Using tiny electrodes inserted into the mitochondria, scientists were able to measure an electrical charge across the inner membrane, which suggested that ions were being actively pumped from one side of the membrane to the other in order to create an "electrochemical gradient". ATP is generated with an enzyme called ATP synthase in the presence of an electrochemical gradient. Scientists were also able to grind up cells and isolate bits of the inner membranes of mitochondria using a device called an ultracentrifuge. When viewed at high magnification, the scientists observed actual ATP synthase enzymes embedded within the membranes. This proved that mitochondria make ATP. ATP is the major source of energy within cells.

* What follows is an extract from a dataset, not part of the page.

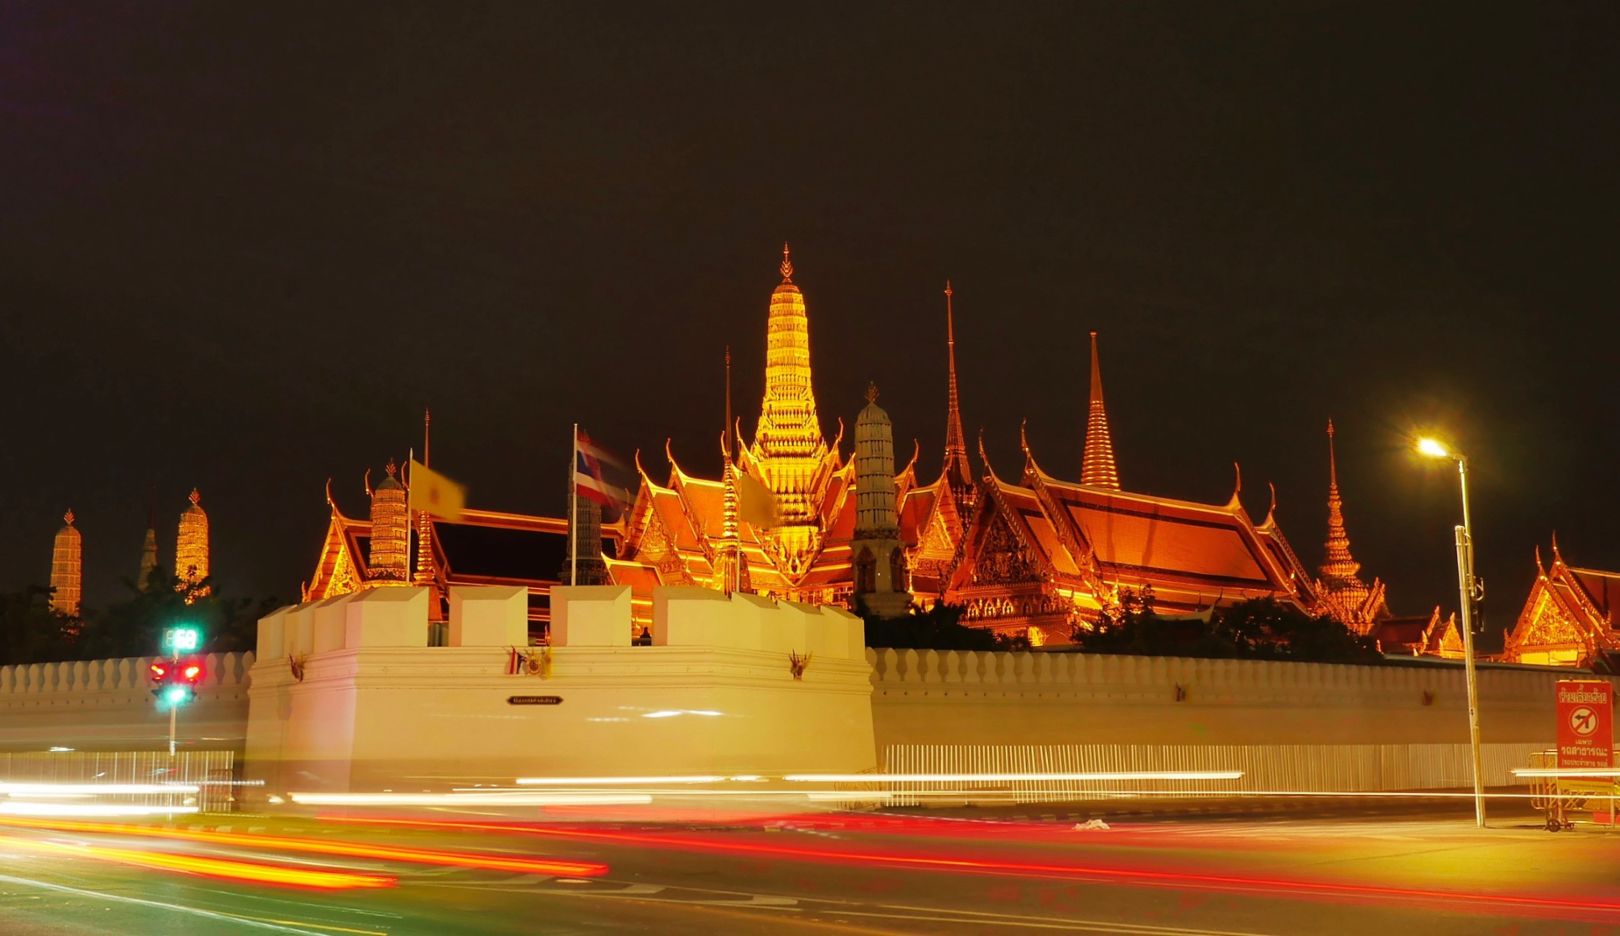 Wat Phra Kaeo, Königspalast und Tempel des Smaragd-Buddha: „Einer der eindrucksvollsten Orte Bangkoks. Um die Stimmung dieser magischen Fotolocation ideal einzufangen, kommt man am besten Sonntagabends: Die Anlage ist dann immer noch hell erleuchtet, aber der Verkehr deutlich milder. Das Resultat sind großartige Fotos – typisch Bangkok.“

Bingo!

The role of mitochondria as the energy source ("powerhouse") of the cell was discovered about 50 years ago.

Answer 2:

Scientists answer questions about things like mitochondria by doing lots of experiments.

First they had to figure out that everything is made of cells. They started figuring that out after people started inventing the first microscopes, and they could see the cells. Check out a piece of onion skin with a microscope - or maybe the really thin layer that's inside the dry skin. Maybe you'll see cells. I think you can see them better by putting a drop of iodine on the onion skin. You can probably still buy iodine at a pharmacy. And you can buy a good cheap microscope that looks like a little flashlight at places like Radio Shack.

One of the early microscopists looked at a thin slice of cork, which comes from the bark of a tree, and saw the empty cell walls. He thought they looked like the rooms (cells) that monks live in a monastery, so he named them cells.

With better microscopes, scientists saw things inside cells like the nucleus and the mitochondria. They must have named them organelles because they were little things inside cells, like our organs are inside our bodies.

Answer 3:

I think that most of cell biology progressed based on the ability to see the organelle but each one has a different set of experiments that led to the discovery of what they do. Still, new jobs for organelles are discovered each year.